Business Gets on the Front Foot - Fighting Back Against Coronavirus

Business Gets on the Front Foot - Fighting Back Against Coronavirus

Release Date: 20 March 2020

Businesses have been under increasing pressure from the coronavirus, and now many have actively joined efforts to fight the pandemic. Across Europe, brewers have been converting their manufacturing processes to producing hand sanitiser. Scottish company, BrewDog, was one of the first to make the announcement.

Industry giant Pernod Ricard has announced many of its brands, including Jameson, will do the same. The Irish whiskey manufacturer will work in partnership with Mervue Laboratories to provide disinfectant gel to hospitals for free. The product has been in scarce supply amid high demand from consumers.

Rosemary Garth of Irish Distillers said: "This will enable us to deliver large scale quantities of hand sanitiser to hospitals and health care professionals, that need it not only now but in the times ahead.”
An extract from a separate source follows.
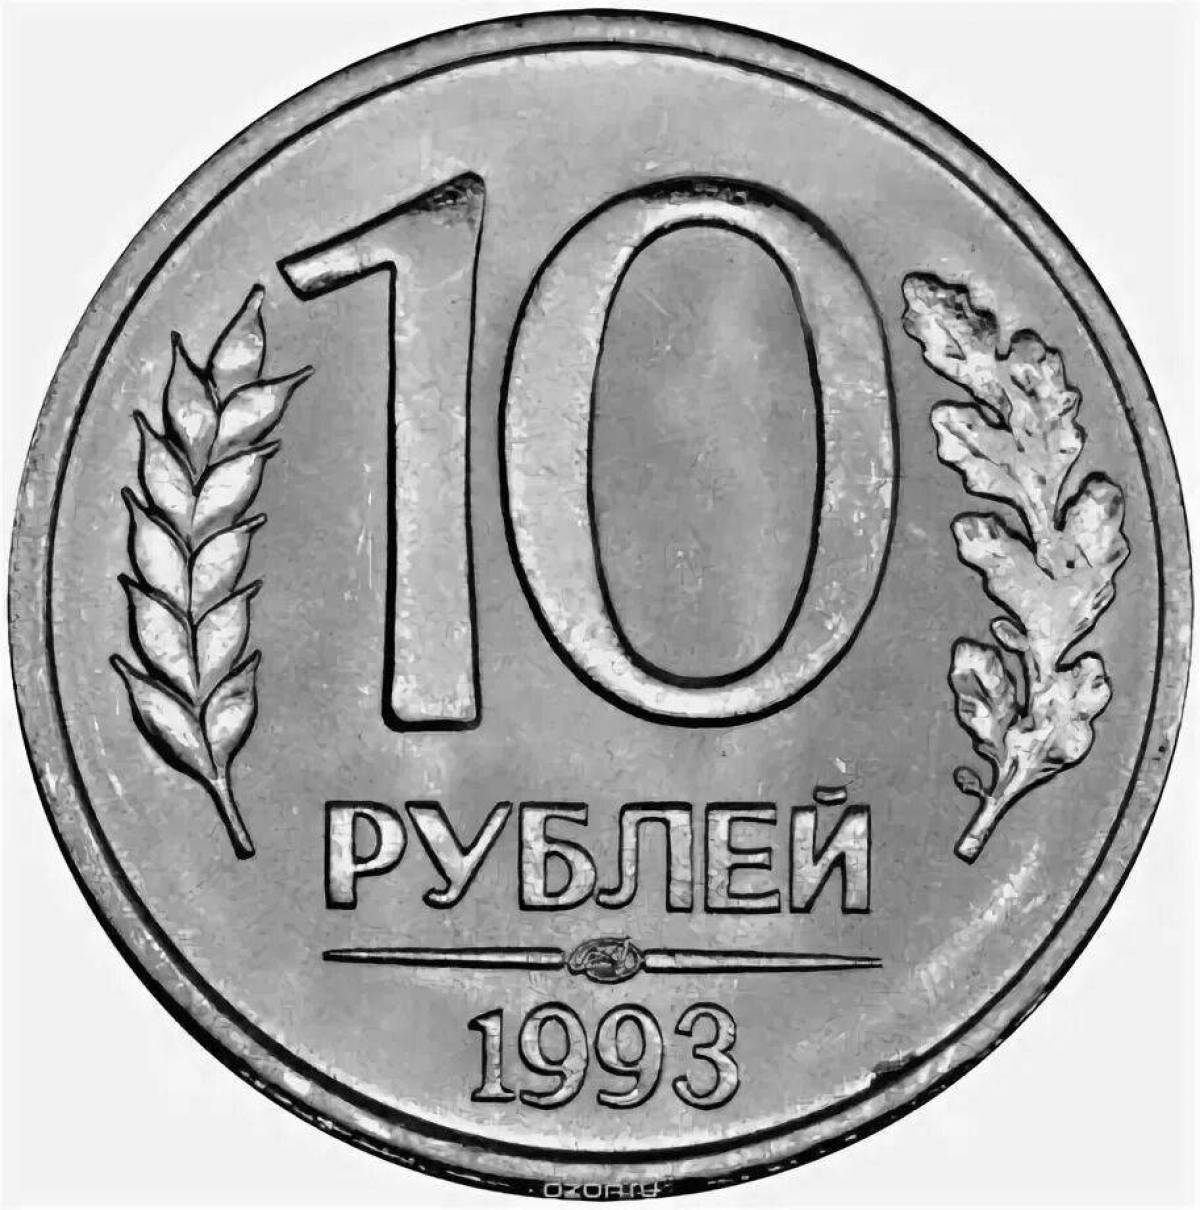 Раскраска 10 рублей, залитая цветом

French luxury goods brand LVMH, which includes Louis Vuitton, will also turn from making perfume to hand sanitiser for hospitals around the country. The company estimates it can produce 12 tons of hand sanitiser instead of Christian Dior, Guerlain and Givenchy fragrances. It will concentrate its efforts on 39 public hospitals in the Ile de France region that includes the capital Paris.

A statement from the company said: "LVMH will continue to honour this commitment for as long as necessary, in connection with the French health authorities.”

Italy has become the worst hit country by Covid-19, with the government considering extending a nationwide lockdown. The Agnelli family, which owns the Fiat group and many other major companies, has pledged ten million euros in aid to the Italian Civil Protection Department.

It has also made a fleet of vehicles available to the Italian Red Cross and ANPAS (the Italian National Association for Public Assistance) to help with the delivery of food and assistance to elderly and vulnerable people.

China’s industries are starting to fire back up with the country appearing to have brought the disease under control. And they have responded to a call by Premier Li Keqiang to develop new manufacturing lines for medical equipment.

Electric vehicle manufacturer BYD says it has created the largest production facility for face masks in the world. In a press statement, the company said: ‘According to the Chinese government’s quality inspection department, the quality of BYD’s masks is significantly better than similar masks in the industry’.

The lockdown in the country showcased China’s prowess with advanced robotics. DJI’s consumer thermal cameras can be used to accurately read people’s temperatures. Its Agras drone can spray disinfectant over wide areas. Another Chinese company, Youibot, designed and manufactured a brand new sterilisation robot in two weeks.

Elsewhere, many sports clubs and federations around the world have opened up their archives to give those quarantined something to relieve the boredom. Both MotoGP and Formula One have made classic races available to watch on YouTube. F1 has also launch a virtual Grand Prix after the cancellation of a number of its international races.

Julian Tan, Head of Digital Business Initiatives and Esports said: “We are very pleased to be able to bring some light relief in the form of the F1 Esports Virtual GP, in these unpredictable times, as we hope to entertain fans missing the regular sporting action."

F1 has also announced that a collective of UK-based Formula 1 teams, engine manufacturers and their respective technology arms is working to answer the UK Government’s call for assistance in manufacturing respiratory devices.